• Instructions to follow:
From top to bottom, retype the data exactly, passing over any picture.

#### Provided material

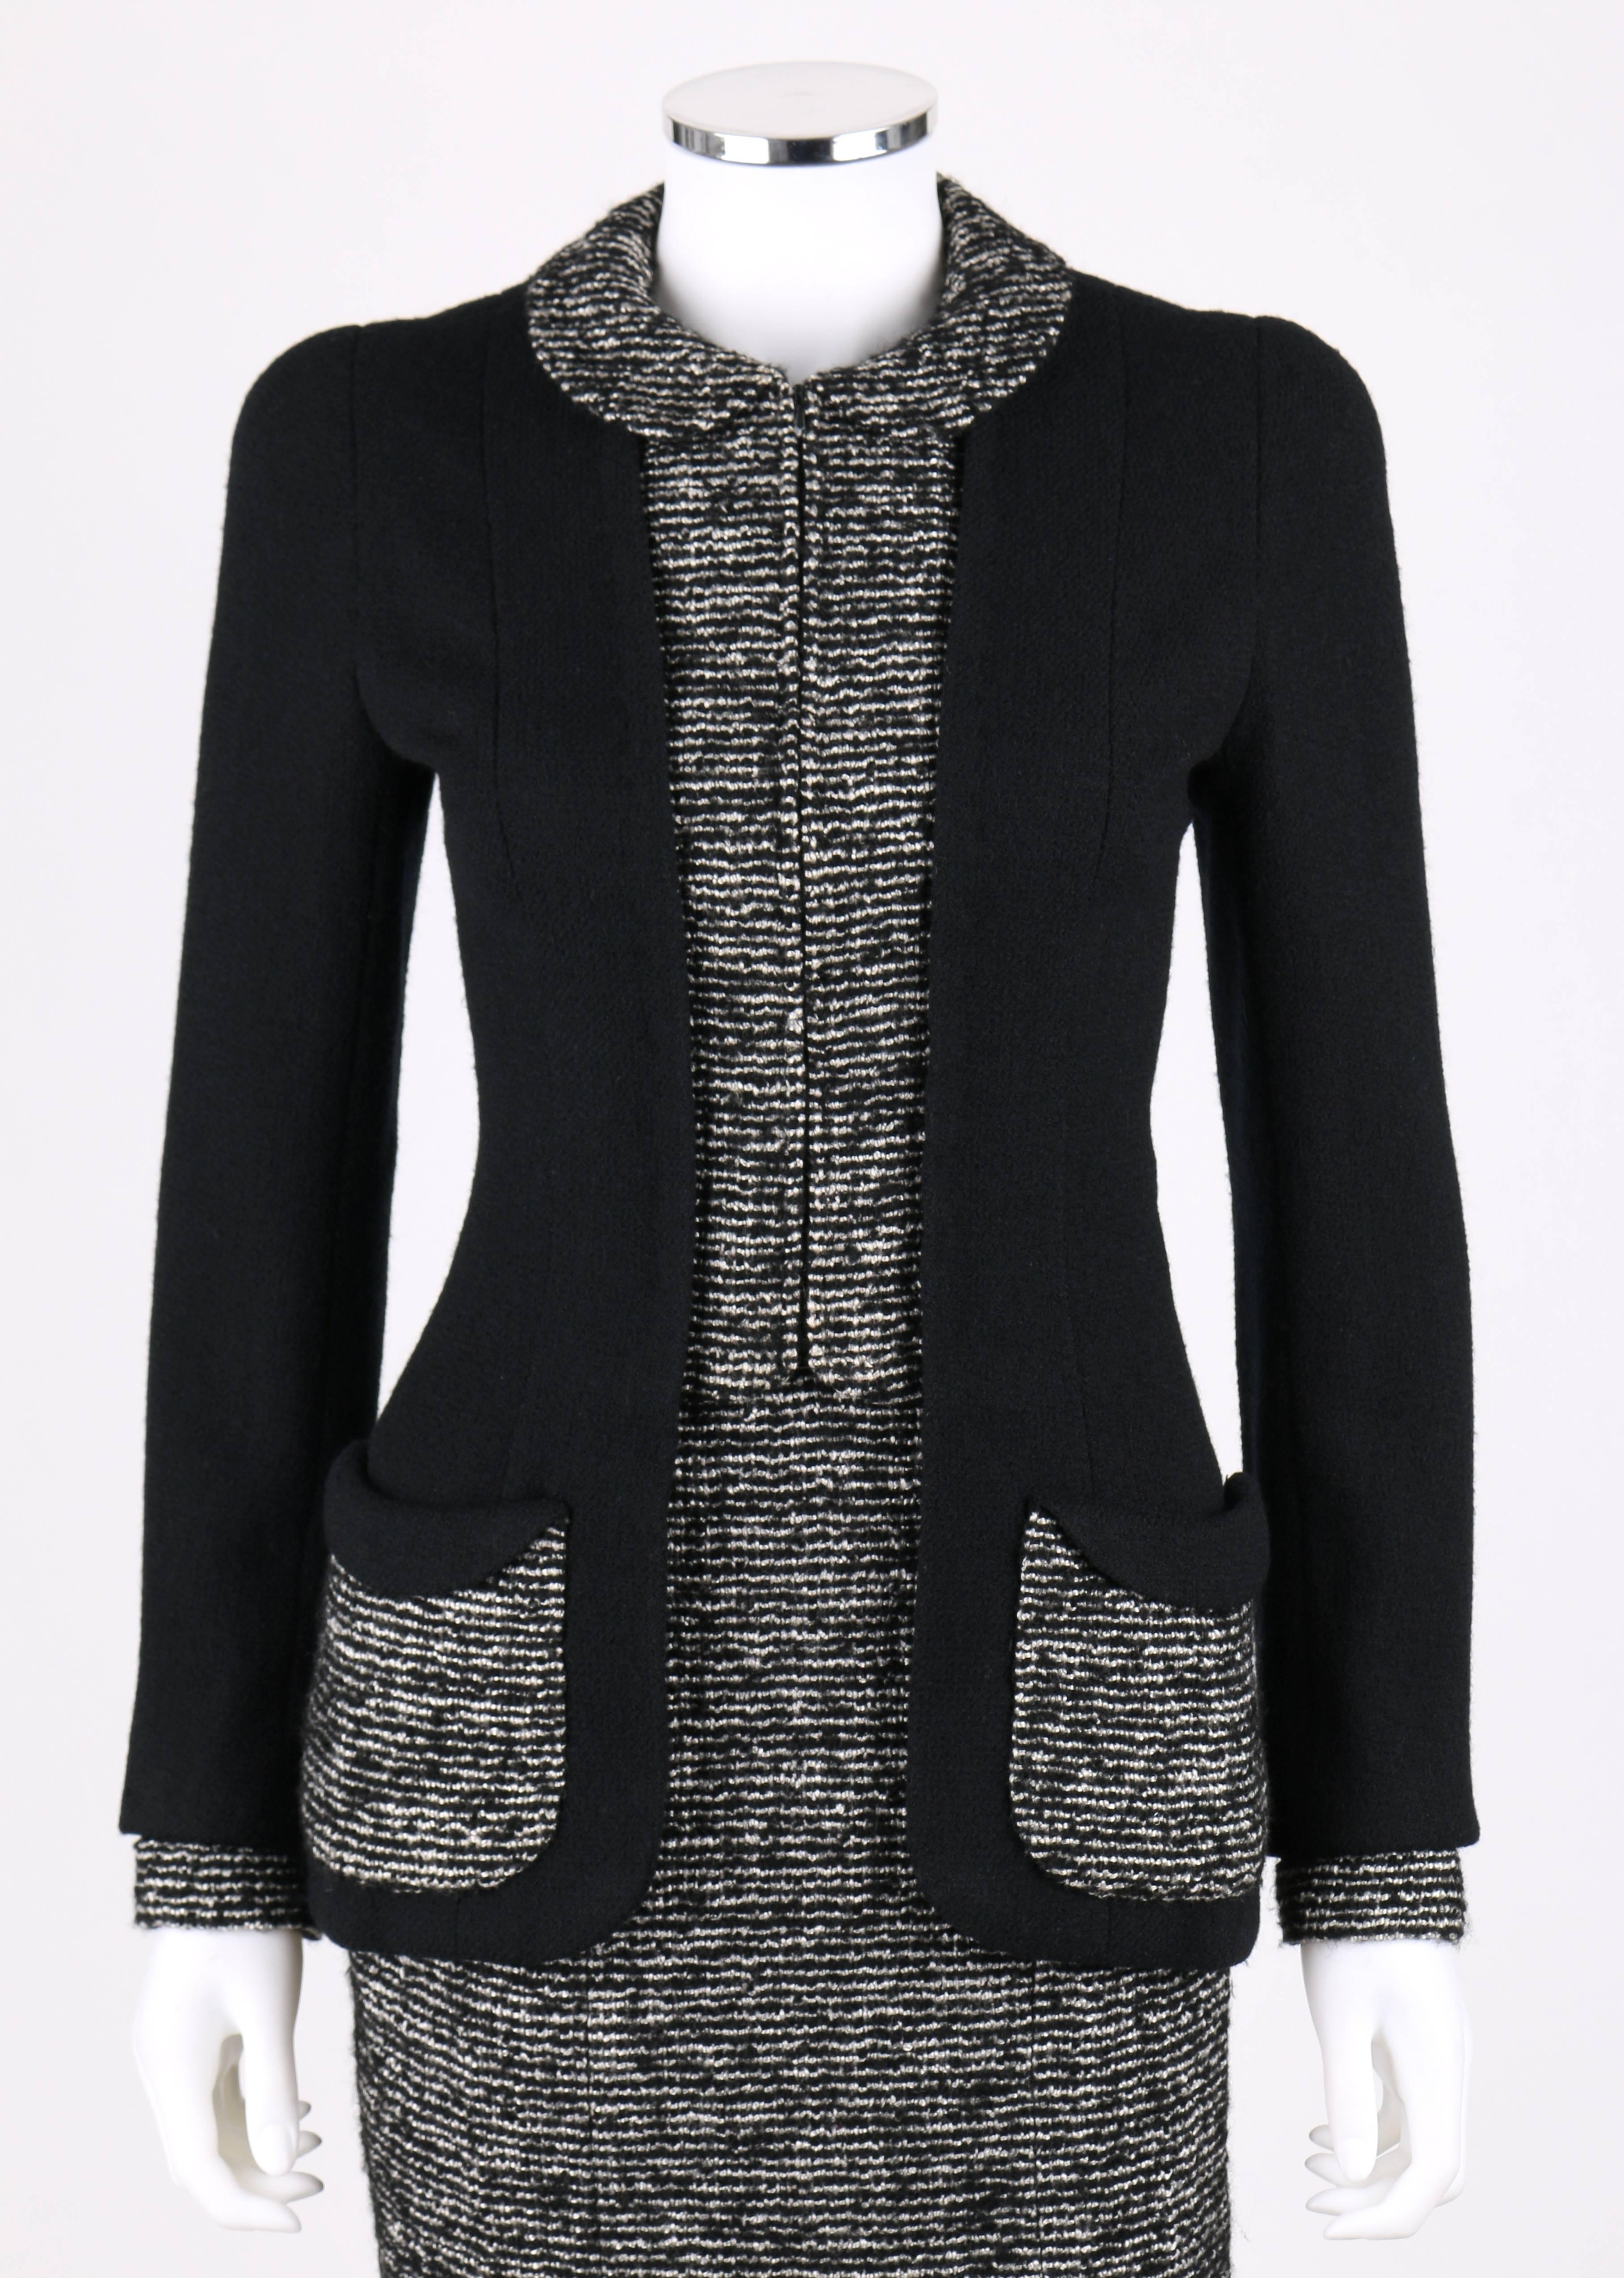 Chanel A/W 1993 Haute Couture numbered (71270 and 71271) black and white wool skirt suit. Designed by Karl Lagerfeld. Classic CHANEL. Black wool jacket is accented in black and white striped boucle wool. Two front rounded patch pockets with flap.
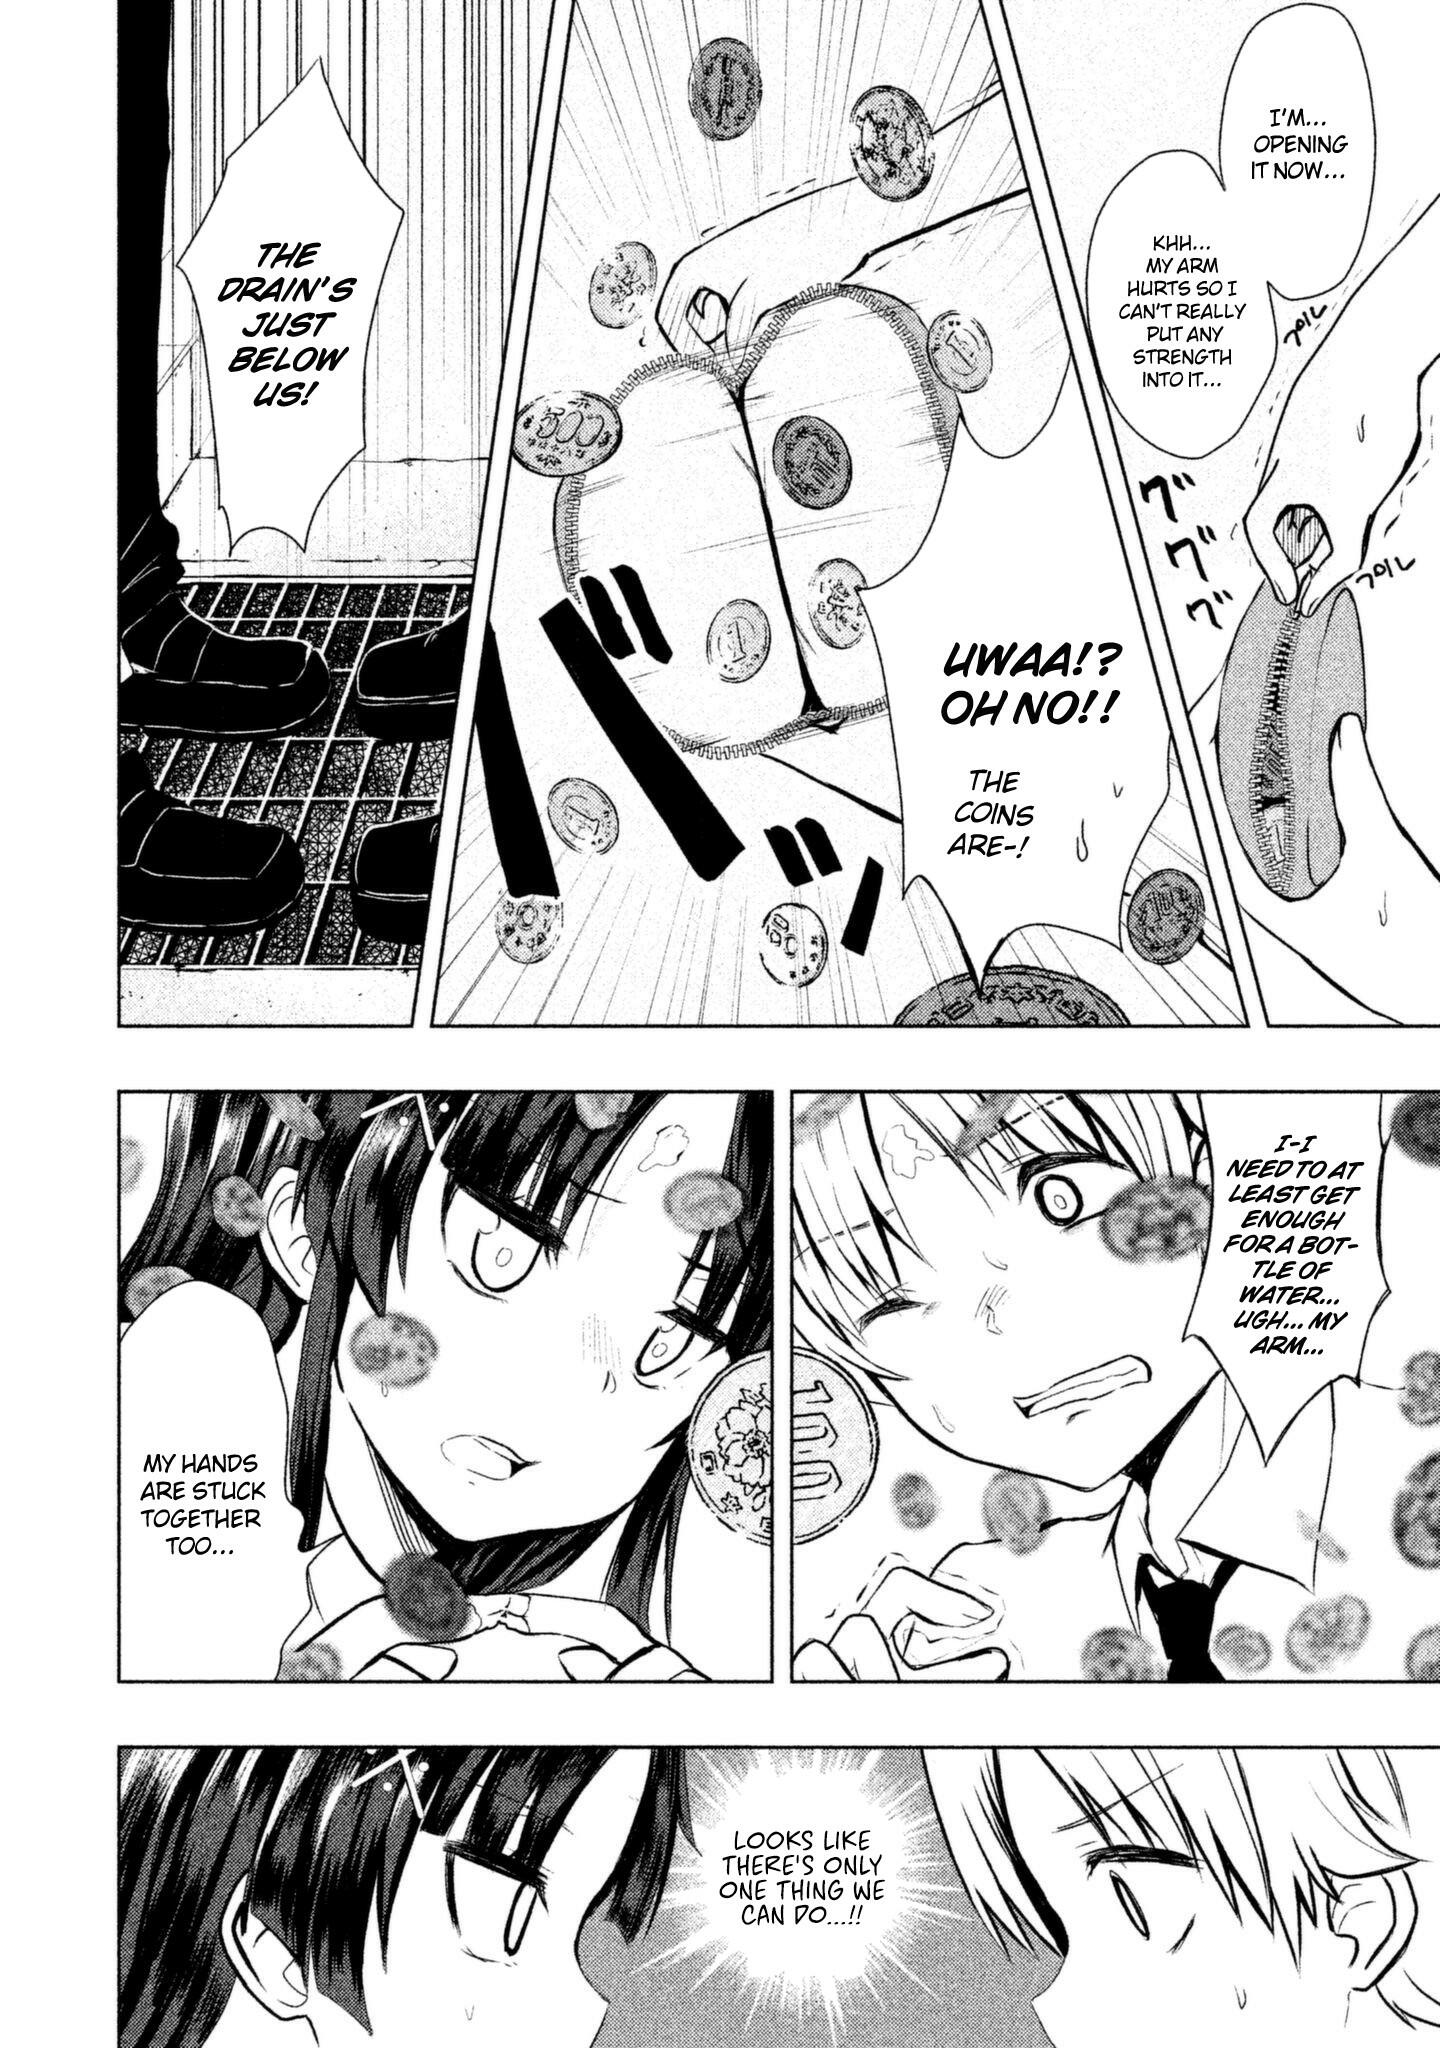 A Girl Who Is Very Well-Informed About Weird Knowledge, Takayukashiki Souko-San Chapter 16: Adhesive page 7 - Mangakakalots.com
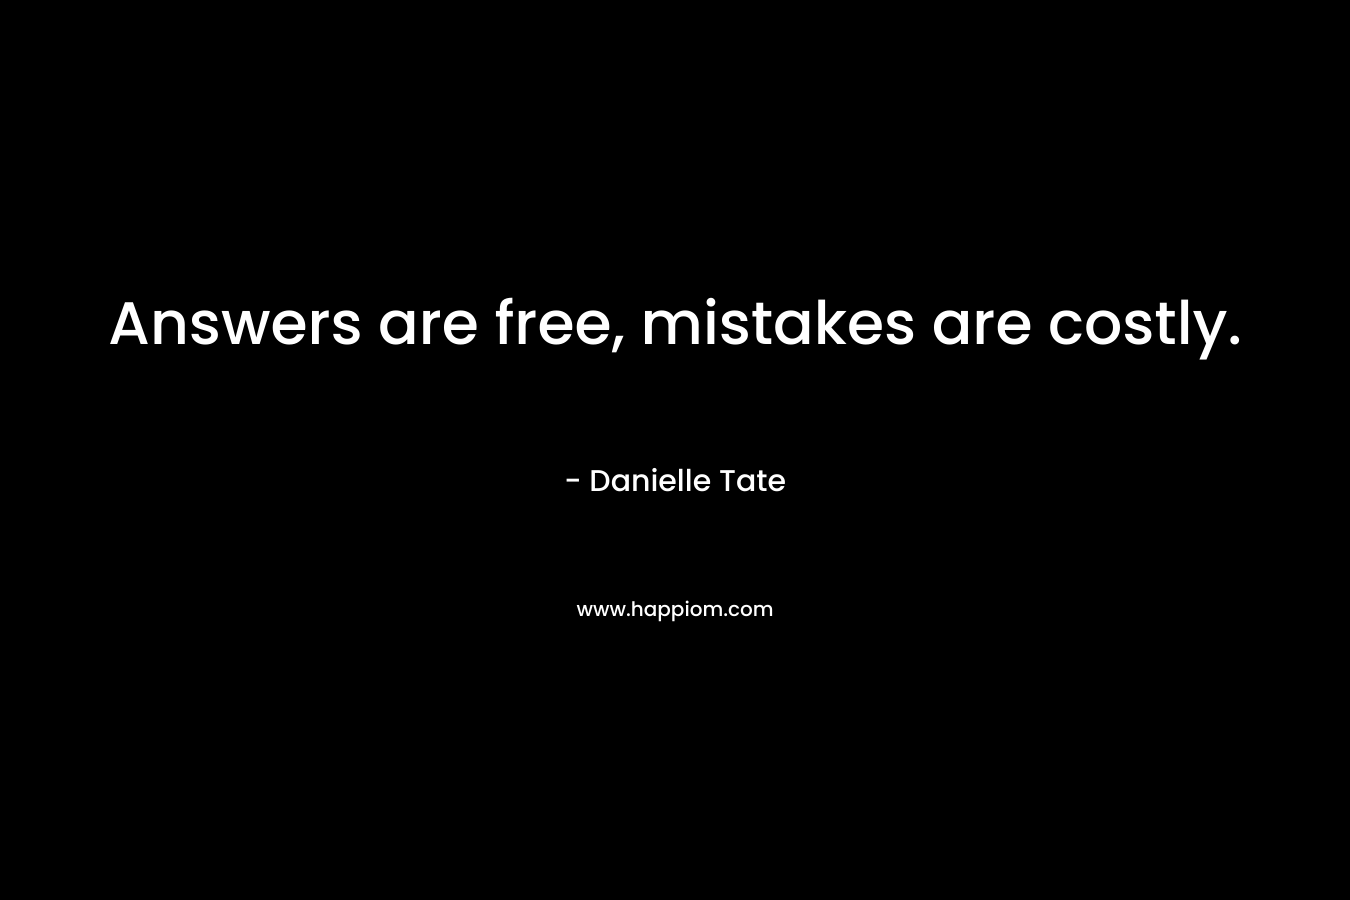 Answers are free, mistakes are costly.

########

• Solution to this exercise:
 Chanel A/W 1993 Haute Couture numbered (71270 and 71271) black and white wool skirt suit. Designed by Karl Lagerfeld. Classic CHANEL. Black wool jacket is accented in black and white striped boucle wool. Two front rounded patch pockets with flap.
 A Girl Who Is Very Well-Informed About Weird Knowledge, Takayukashiki Souko-San Chapter 16: Adhesive page 7 - Mangakakalots.com
 Answers are free, mistakes are costly.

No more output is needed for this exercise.